На что Шанька тут же:

– Замечательно пишешь, комиссар, человеку на краю пропасти – в помощь каждое твое слово, – и опять воздух ртом подсосал.

– А ты что ж, на краю пропасти?

Шаня отодвинулся на шаг. Руки опустил, будто опоздавший на поезд пассажир. Вздохнул. Поставил в книге судеб точку где-то за железнодорожным горизонтом.

Ох как же любил Джорж Иванович Бей с такими размазанными жизнью товарищами в Фонтенбло поработать. Погонять их от всей своей армяно-греческой души с лопатами и тележками.

– У тебя время есть? – спросил Ефим, чувствуя, что Шаня искал его не для того, чтобы сказать, как он замечательно пишет.

– Чего-чего, а времени у меня, комиссар, вагон. Теперь – вагон, – и глаза какие-то незнакомо-рысьи сделал.

– Понятно. Давай посидим где-нибудь, ты мне все расскажешь. Голодный? Вижу, что голодный, – и добавил, заметив, как стушевался фронтовой друг: – Угощаю.

И они отправились в «Ладью» – ресторанчик на Пушечной.


Добирались, беседуя ни о чем, дабы не расплескать на улице важный разговор. То о новой Москве парой-тройкой фраз перекинуться, то о новой весне, подробно зафиксированной камерой Родченко (Шаня увлекся фотографией, жонглировал именами великих фотографов), то проедутся по советской фамильярности и трамвайному хамству, а то перескочат с немилосердного «писка моды» на далекое «вечное», у которого все сегодняшние дела оказываются в завтрашней шляпе.
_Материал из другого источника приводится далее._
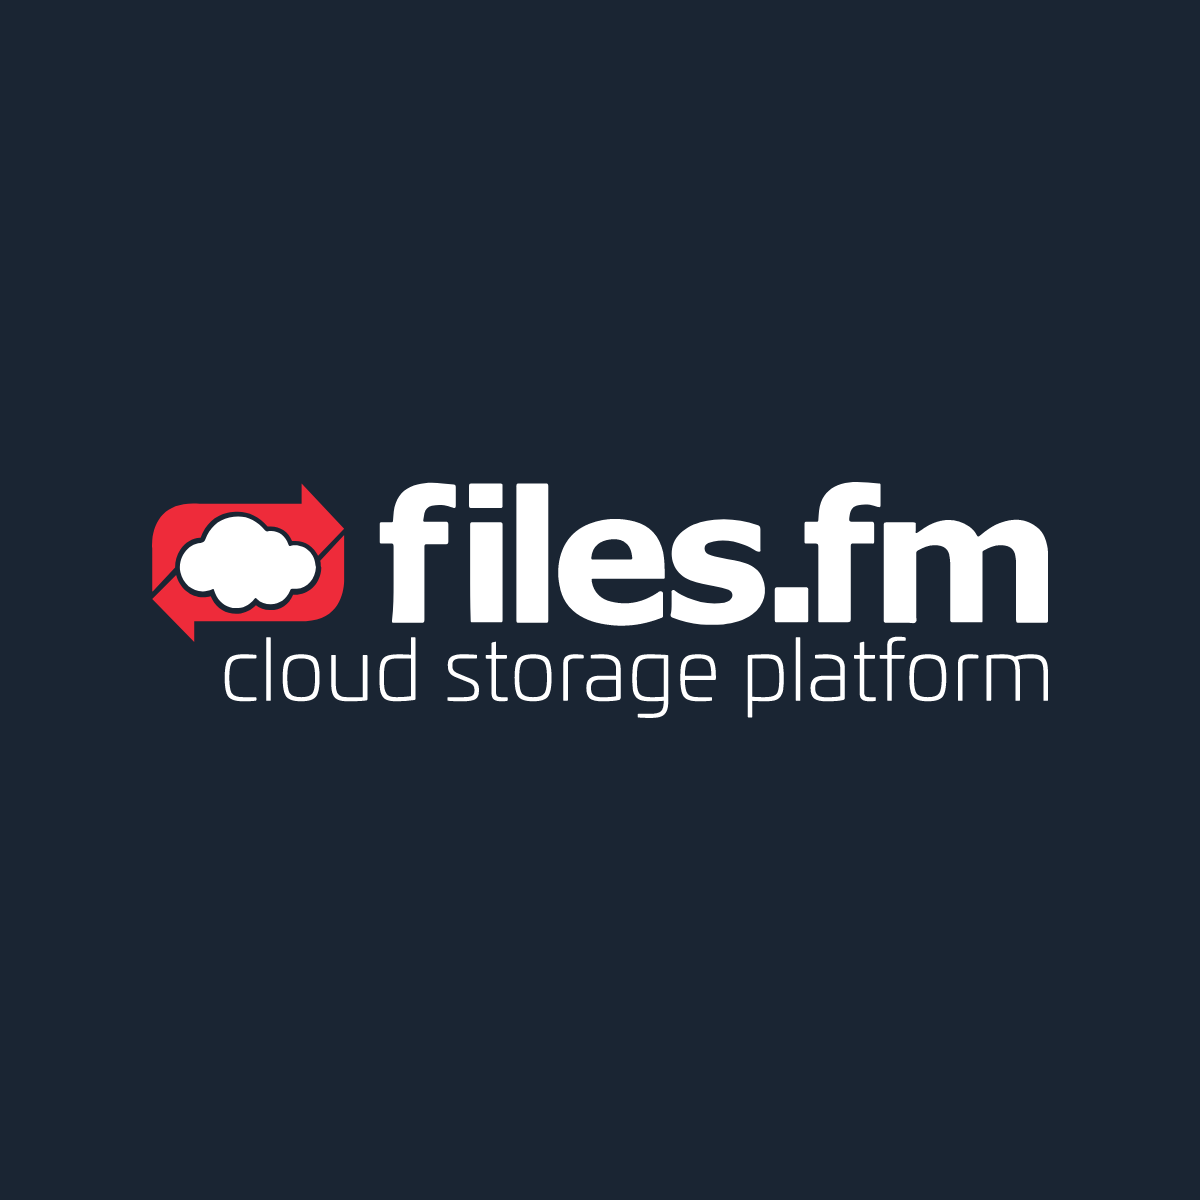 File upload, sharing and cloud backup online service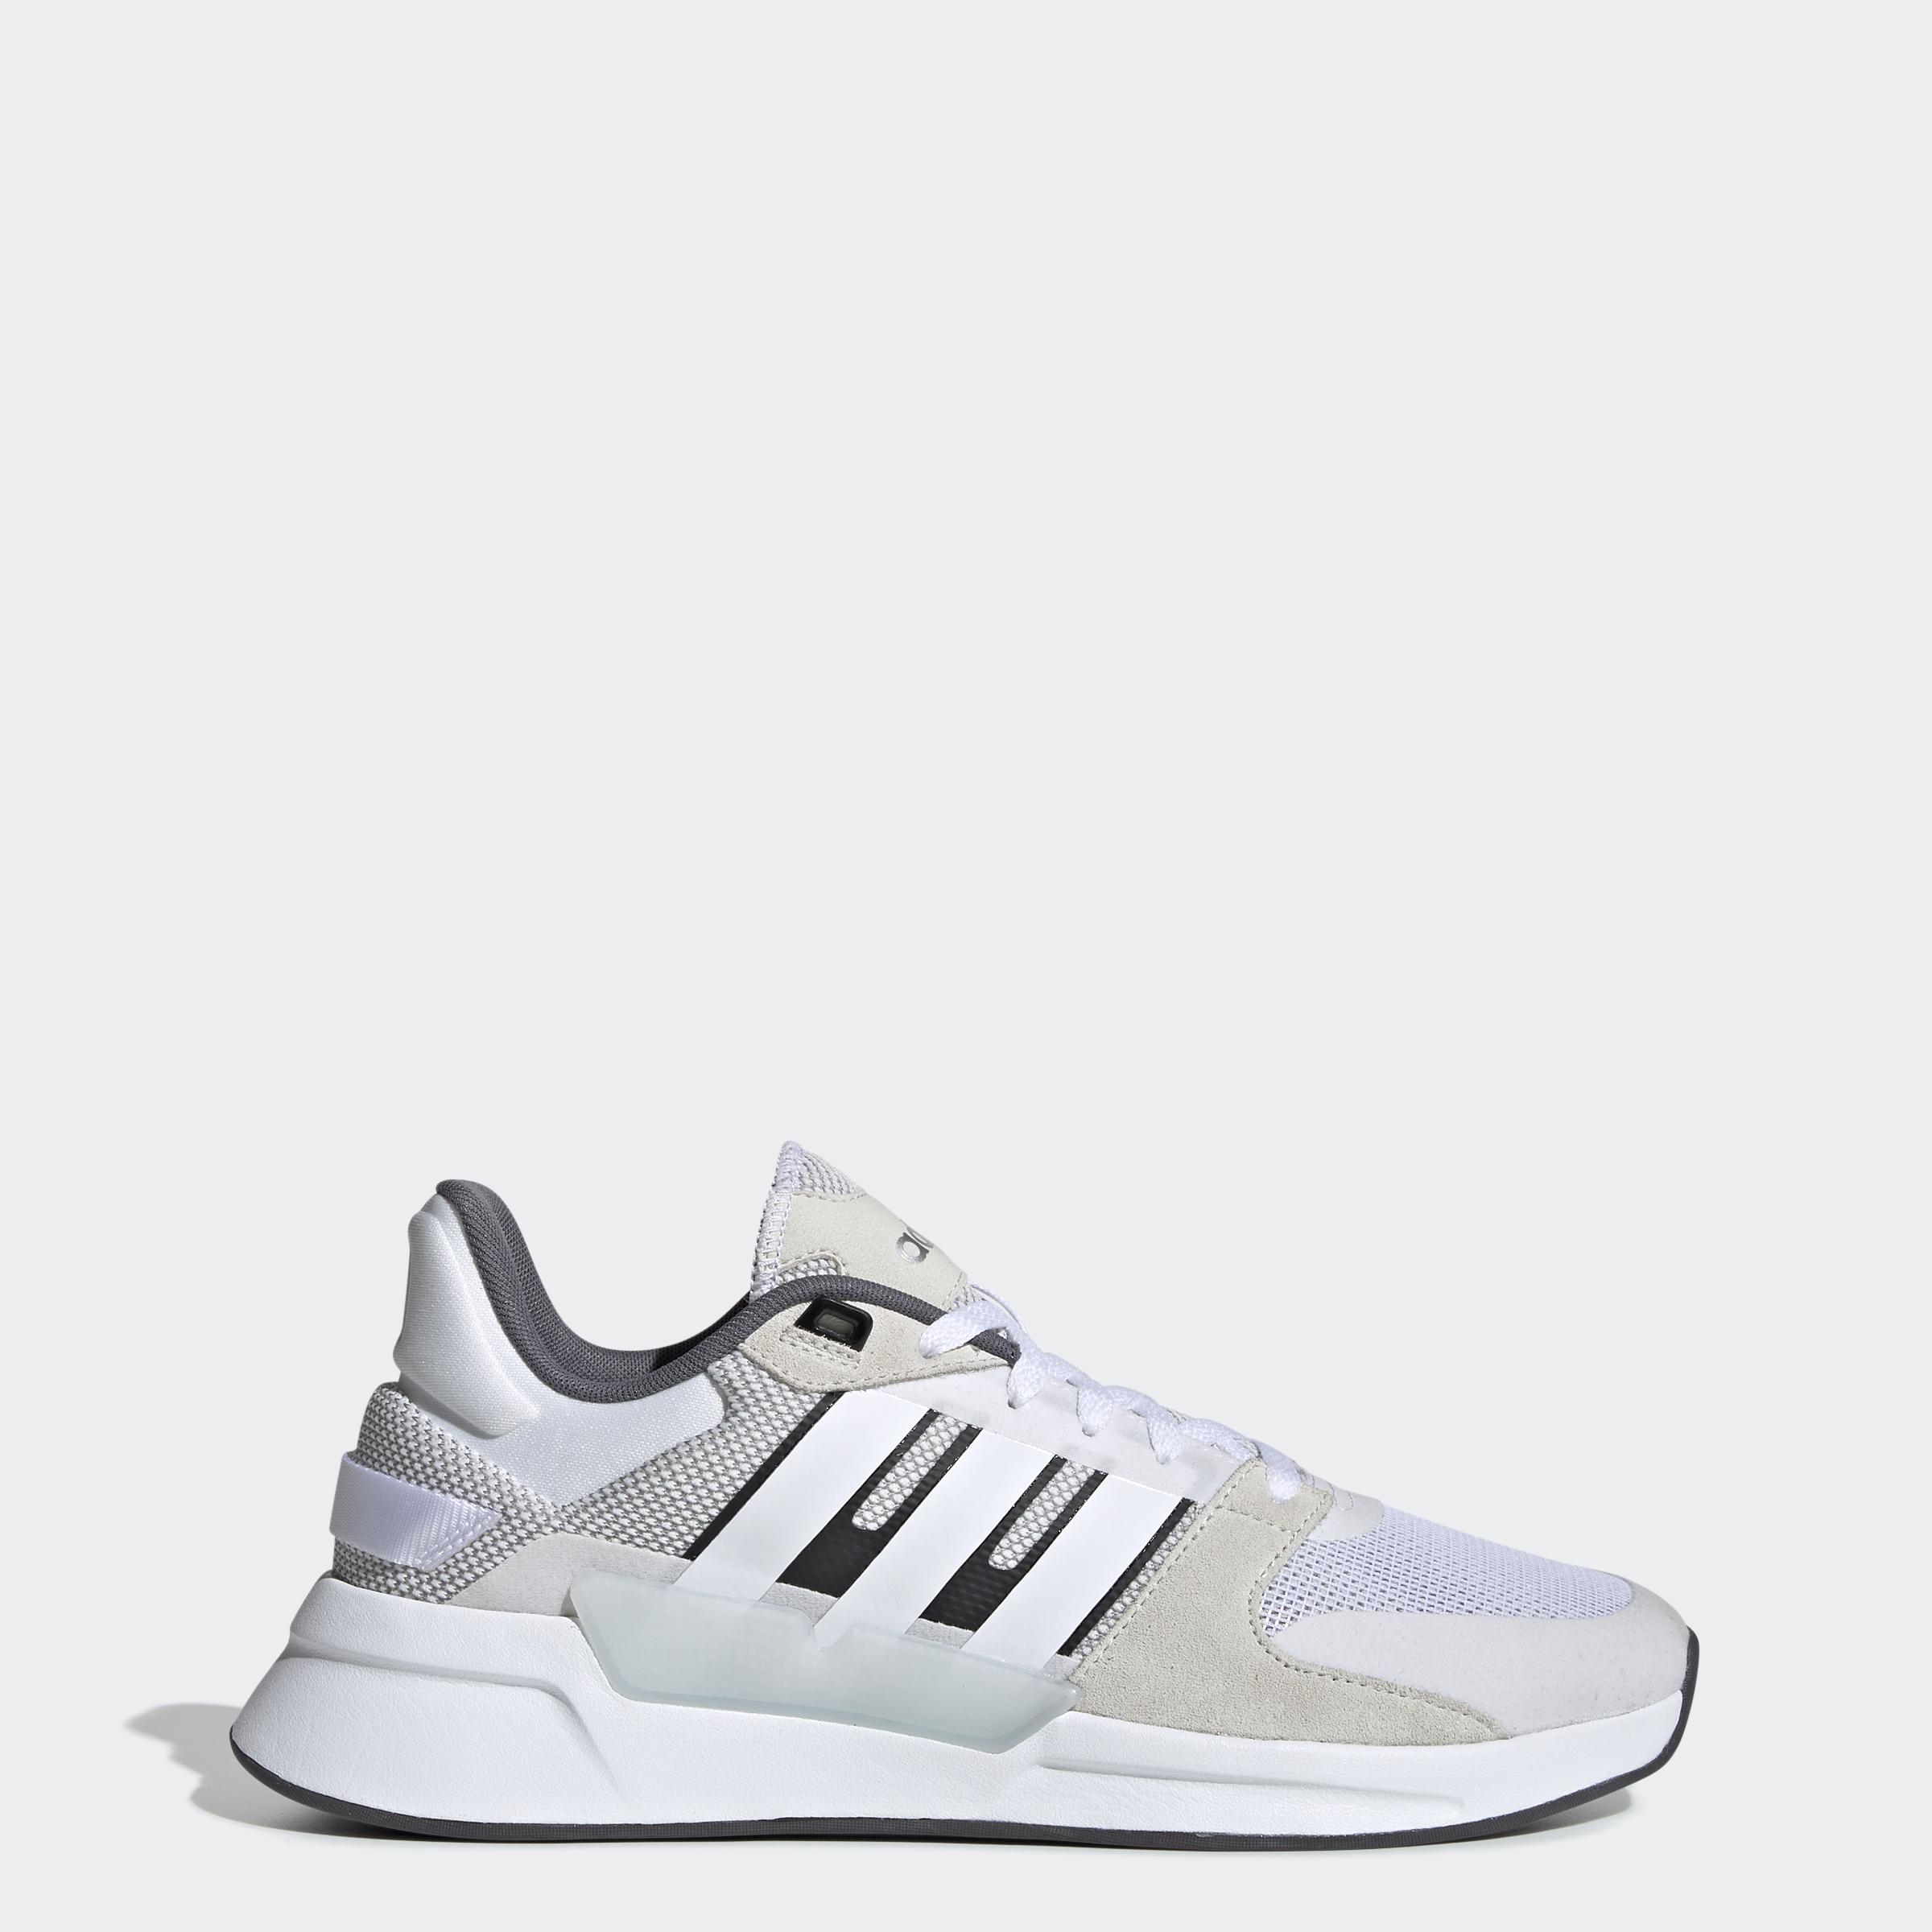 adidas-Run-90s-Shoes-Men-039-s thumbnail 10

Шаня не отказал себе в удовольствии вспомнить одесское детство, сопроводив воспоминание бородатым анекдотом, а Ефим уже в минутах ходьбы от «Ладьи» отметил вслух переливчатый выгиб икры забросившей ногу на ногу красотки, сидевшей на большом чемодане.

– Такие вот – в шляпке с зеленым перышком и с широкой крестьянской улыбкой – часто на улице оказываются.

«Ладью» держали братья Каминские. Держали с толком. Кухня в «Ладье» была европейской и азиатской. Любили сюда заглядывать и многопудовые нэпманы, и худосочная богема, и люди, которых пока еще не слишком испортили шальные деньги.

Под белыми сводами «Ладьи» устраивались литературные вечера, каждую среду играл джаз. Во дворике за «Ладьей» собирались под зорьку беспризорники и оставшиеся без работы проститутки: Каминские подкармливали и тех и других.

Ефим любил заглядывать к Каминским. Здесь он мог встретиться с Иосифом Уткиным и братьями Новогрудскими – Герликом и Шурой. Не чурался «Ладьи» и Соломон Новогрудский. Приходил как маг и владыка. В часы самые разные, иногда к закрытию, которое тут же и откладывалось.

Но сейчас единственным знакомым в зале оказался антиквар-букинист с Кузнецкого, закованный в черную тройку. Кажется, обрусевший немец. Местные проститутки называли его Гансиком, а если Гансик был в крепком подпитии, то тогда – Франсиком.

Ефим поздоровался с Гансиком-Франсиком и двинулся к столику, что стоял возле окна. Место отличное! И вряд ли соседи – молодой мужчина еврейской наружности, ведущий тихий приватный разговор с женщиной, – помешают ему спокойно поговорить с Шаней.

Ефим уселся напротив мужчины и женщины и предложил с большим любопытством осматривающемуся по сторонам Шане ознакомиться с картой ресторана.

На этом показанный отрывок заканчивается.